Russlands Sondergesandter Kirill Dmitrijew kündigt an, dass Russland und die USA am Freitag ein Abkommen zur Planung eines Tunnels zwischen der russischen Halbinsel Tschukotka und Alaska unterzeichnen wollen. "Der Tunnel wird kommen", sagt Dmitrijew laut der Zeitung "Kommersant". Dmitrijew hatte die Idee bereits im Oktober vergangenen Jahres ins Spiel gebracht.
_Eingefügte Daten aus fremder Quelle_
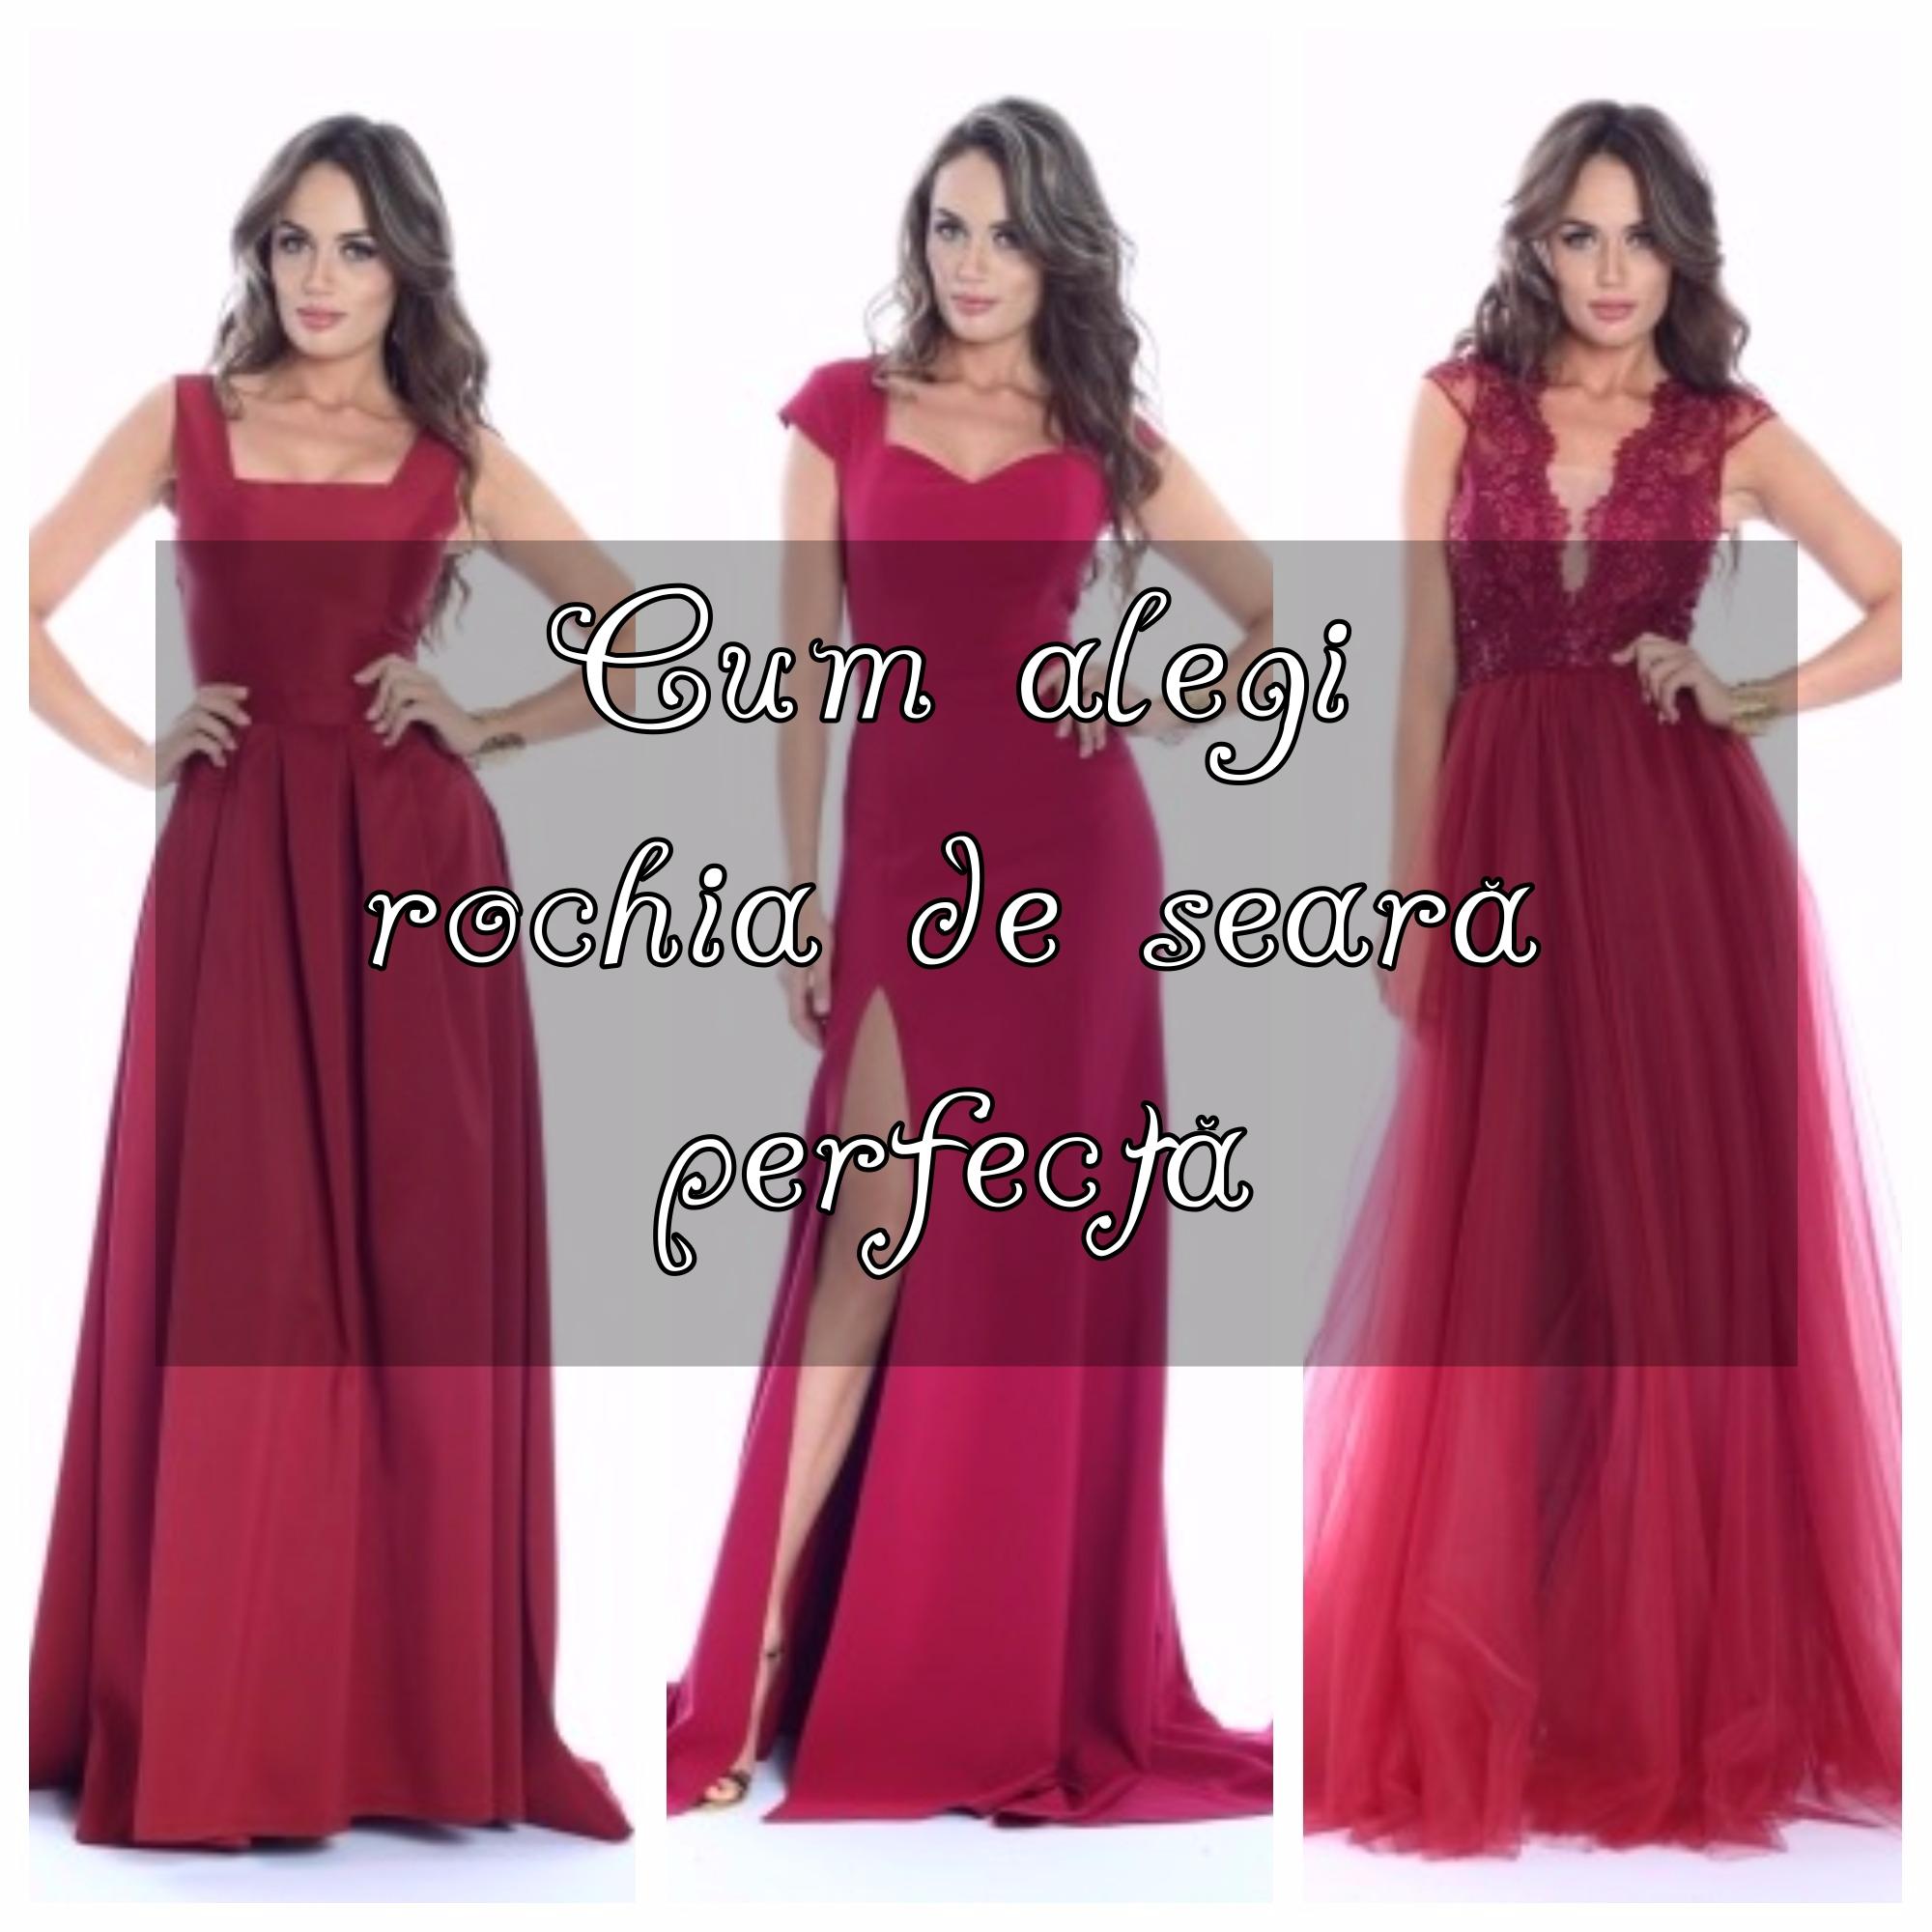 cum alegi rochia de seara perfecta

+++ 21:50 Putin: Offen für assoziierte EU-Mitgliedschaft der Ukraine +++

Russland hat nach Angaben von Präsident Wladimir Putin nichts gegen die von Bundeskanzler Friedrich Merz ins Spiel gebrachte assoziierte EU-Mitgliedschaft der Ukraine. "Das geht uns nichts an. Wir sind nicht dagegen", sagt Putin bei einem Treffen mit Vertretern internationaler Nachrichtenagenturen in St. Petersburg. Moskau habe nichts gegen wirtschaftliche Verbindungen und Integration auf dem europäischen Kontinent einzuwenden. "Wir sind dagegen, dass sich die EU in einen Militärblock verwandelt", das wecke Sorgen in Russland, betont Putin zugleich. Seit Beginn des von Putin befohlenen Kriegs unterstützen die EU und deren Mitglieder die von Russland angegriffene Ukraine, darunter auch mit Waffenlieferungen. Wegen der Spekulationen um einen zumindest teilweisen US-Truppenrückzug aus Europa mehren sich zudem Stimmen, die eine stärkere militärische Zusammenarbeit der EU-Länder fordern.
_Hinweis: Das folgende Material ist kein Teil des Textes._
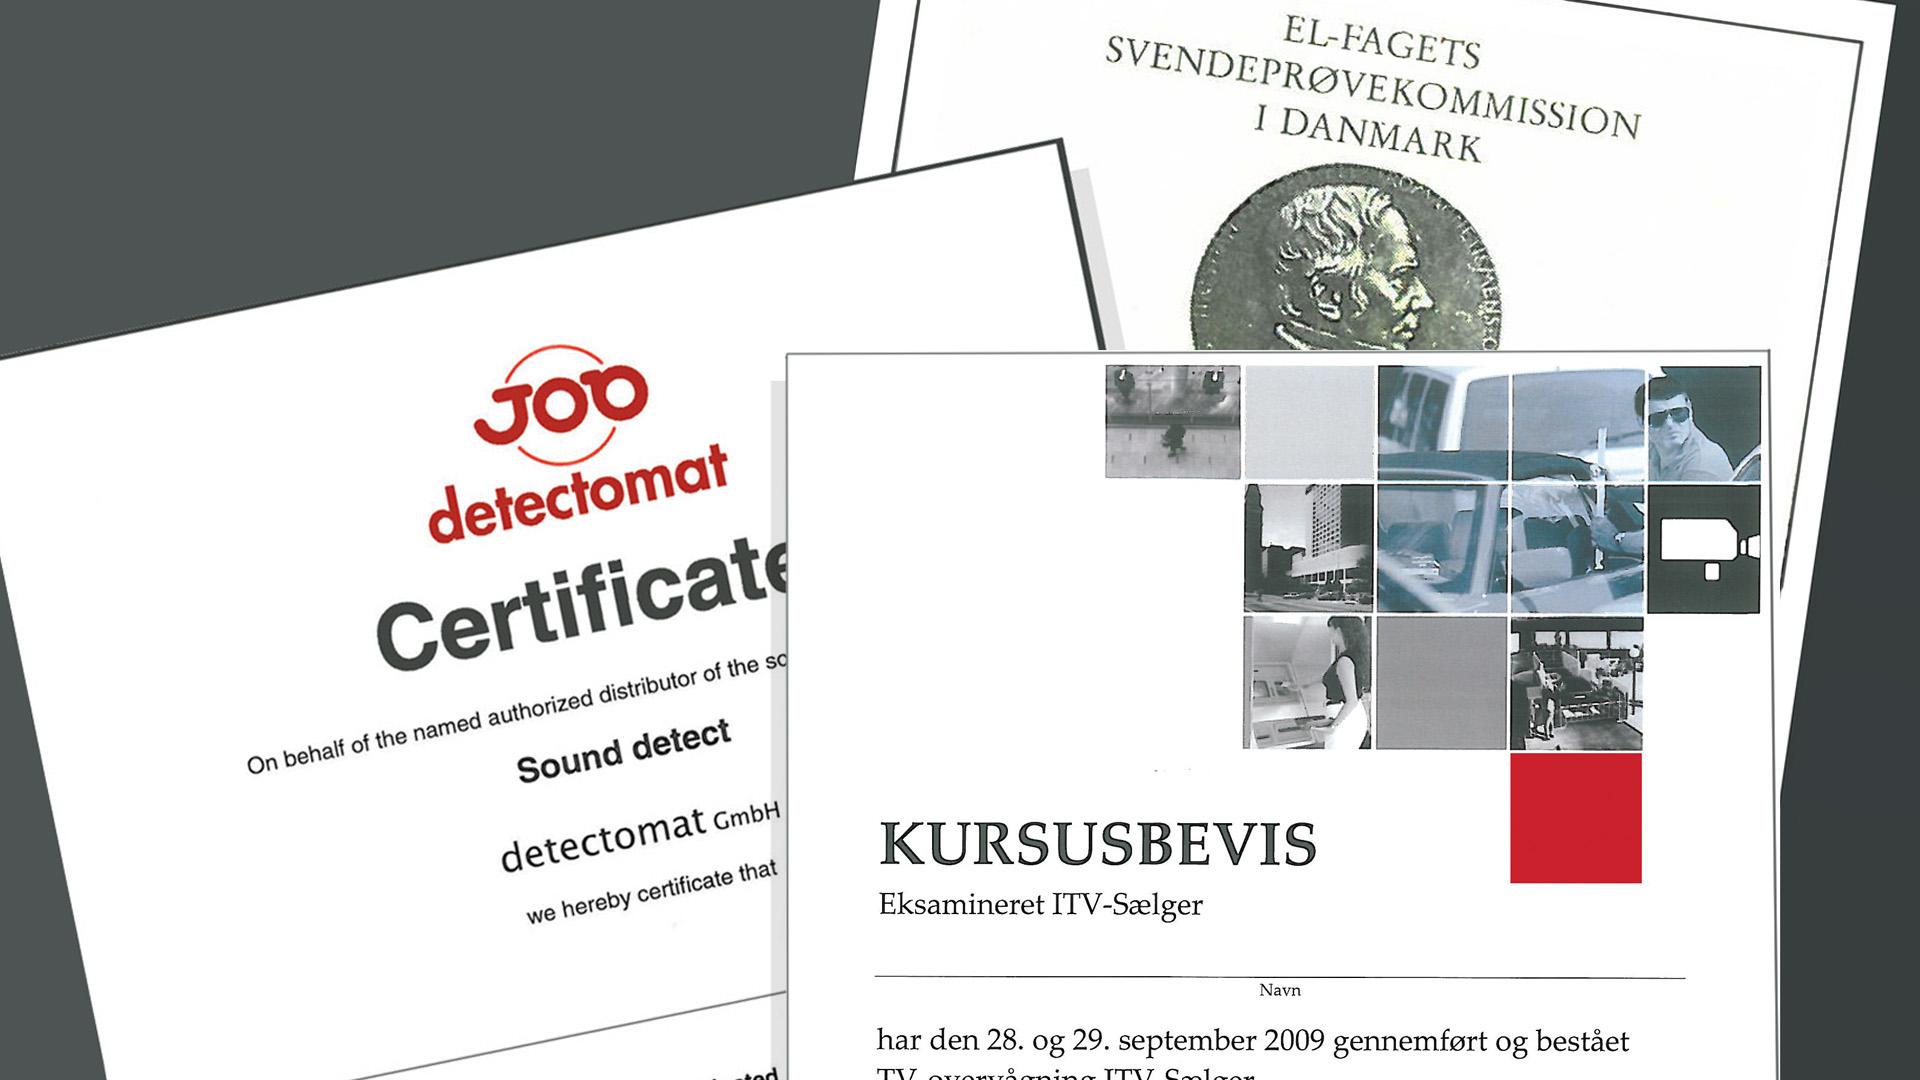 ADK-Teknik-Certifikater-og-beviser2

+++ 21:17 Selenskyj schreibt offenen Brief an Putin +++

Der ukrainische Präsident Wolodymyr Selenskyj fordert Putin in einem offenen Brief zu einem persönlichen Treffen auf. "Ich schlage vor, ein klares Datum für ein Treffen festzulegen", schreibt Selenskyj. Als mögliche Orte nennt er die Schweiz, die Türkei oder arabische Länder. Die Ukraine sei bereit, während der Verhandlungen die Waffen vollständig ruhen zu lassen und alle Kriegsgefangenen auszutauschen. In dem Brief rechnet Selenskyj schonungslos ab: Fast die Hälfte von Putins 26 Jahren an der Macht habe Russland im Krieg gegen die Ukraine verbracht - ein "persönlicher Entscheid" ohne realen Grund. Im Mai seien erneut mehr als 30.000 russische Soldaten gefallen oder schwer verwundet worden, 63 Prozent davon getötet. Die Ukraine habe den Krieg auf russisches Territorium getragen; Russland sei ohne nordkoreanische Hilfe nicht ausgekommen - Putin sei der erste russische Herrscher, der Pjöngjang um Hilfe bitten musste. Sollte Putin nicht zu dem Schluss kommen, dass es Zeit für ein Kriegsende sei, werde die Ukraine weiter um ihre Existenz kämpfen. Dies könne Putins Machtposition gefährden. "Es ist eine Tatsache in der russischen Geschichte, die Sie gut kennen: Wenn Russland müde wird, steht ein Wandel bevor", heißt es in dem Schreiben.